Por eso, para pactar, es preciso reconocer que la cultura femenina tradicional vigente entre nosotras, no incluye conocimientos, habilidades y destrezas para agendar ni pactar. Que muchas aprendemos en el estilo masculino y patriarcal para luego desaprenderlo al sentir cuán contradictorio es conducirnos así entre nosotras, lo estéril de ese proceder y la necesidad de construir la alianza entre las mujeres desde una posición política de género.
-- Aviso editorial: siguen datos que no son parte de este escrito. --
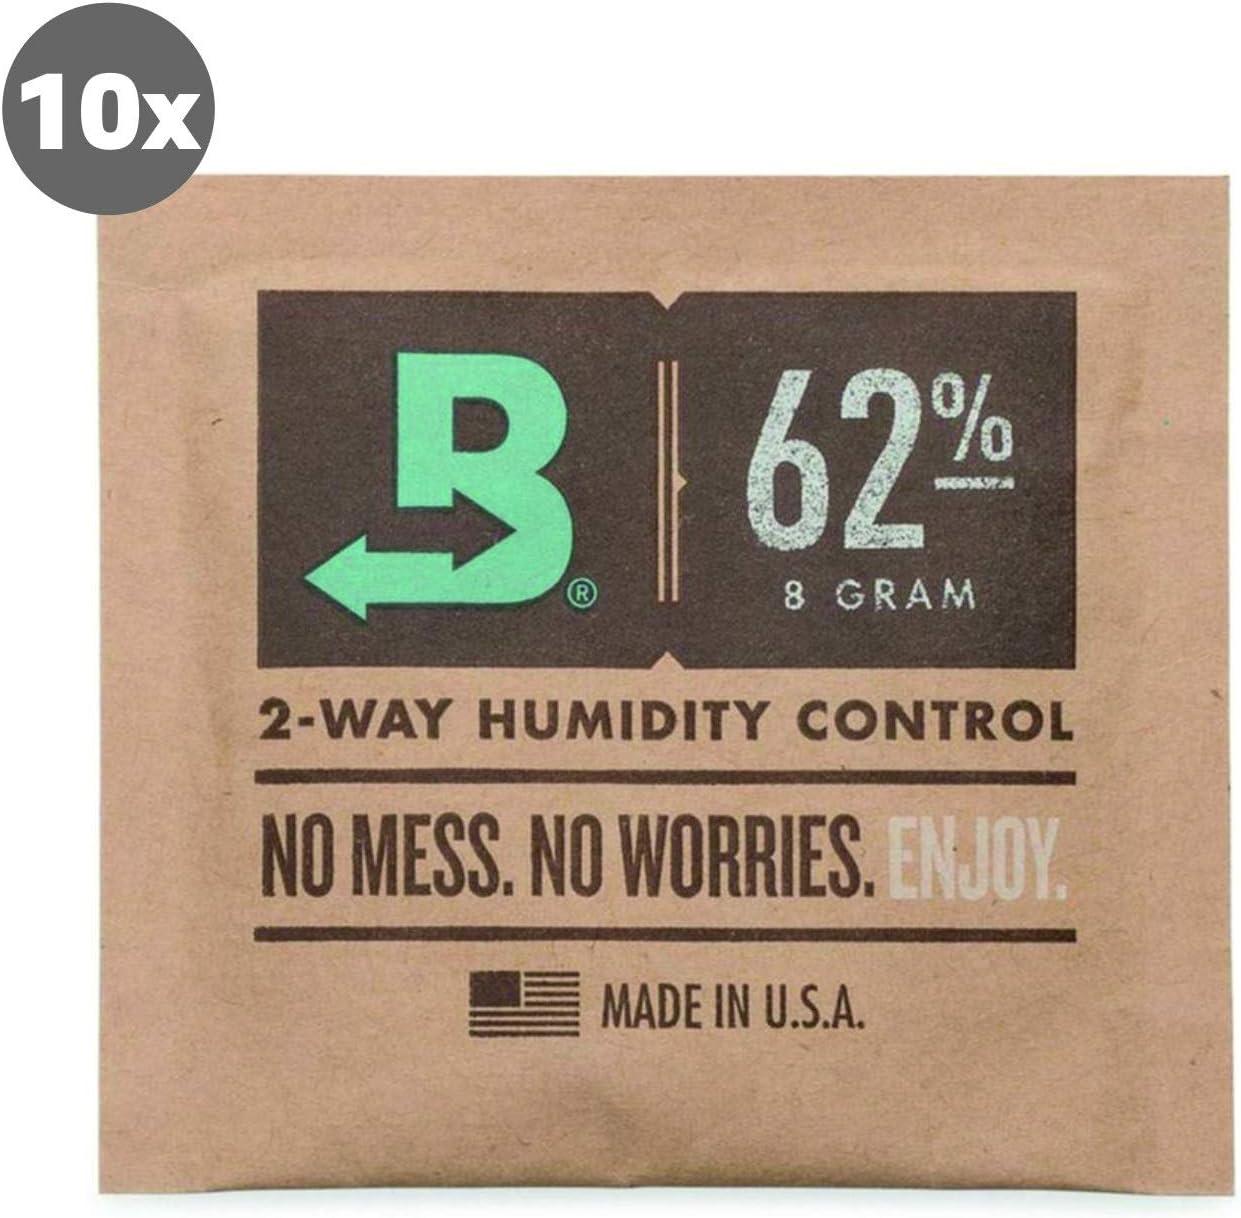 Boveda 10 Humidipak 62% 2-Way Humidifer 8g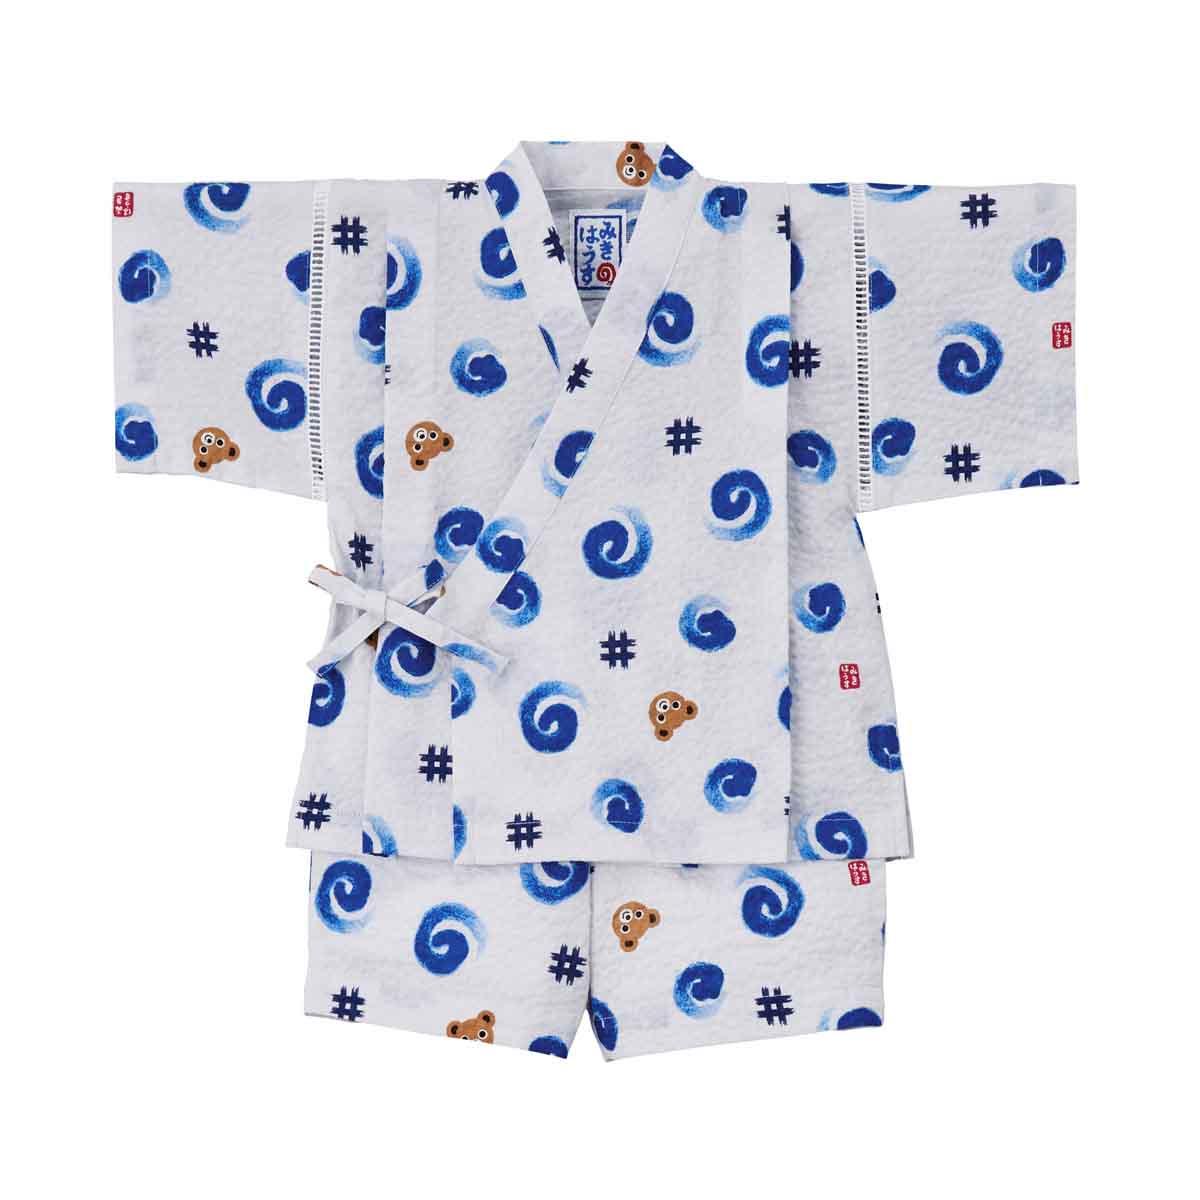 Mikihouse ハイクオリティ 浴衣 夏祭り 割引も実施中 日本製 サンクスプライス☆MIKIHOUSE ミキハウス うずまき和柄甚平スーツ:ミキハウス :90cm:12-7503-619 プッチー

Para desmontar esa estética y esa política hemos usado habilidades experiencias generadas en la cultura femenina del apoyo cuerpo a cuerpo y subjetividad a subjetividad personal entre mujeres. Ha sido un recurso metodológico para realizar la crítica deconstructiva de la agenda y los pactos a la usanza masculina, las formas excluyentes, sectarias, supremacistas y violentas de enfrentar la disidencia y los conflictos. Sólo arraigadas en ese saber solidario podemos remontar la prohibición patriarcal al pacto entre mujeres o, lo que es lo mismo, a la política entre mujeres y desmontar la cultura misógina que nos configura.

La sororidad emerge como alternativa a la política que impide a las mujeres la identificación positiva de género, el reconocimiento, la agregación en sintonía y la alianza.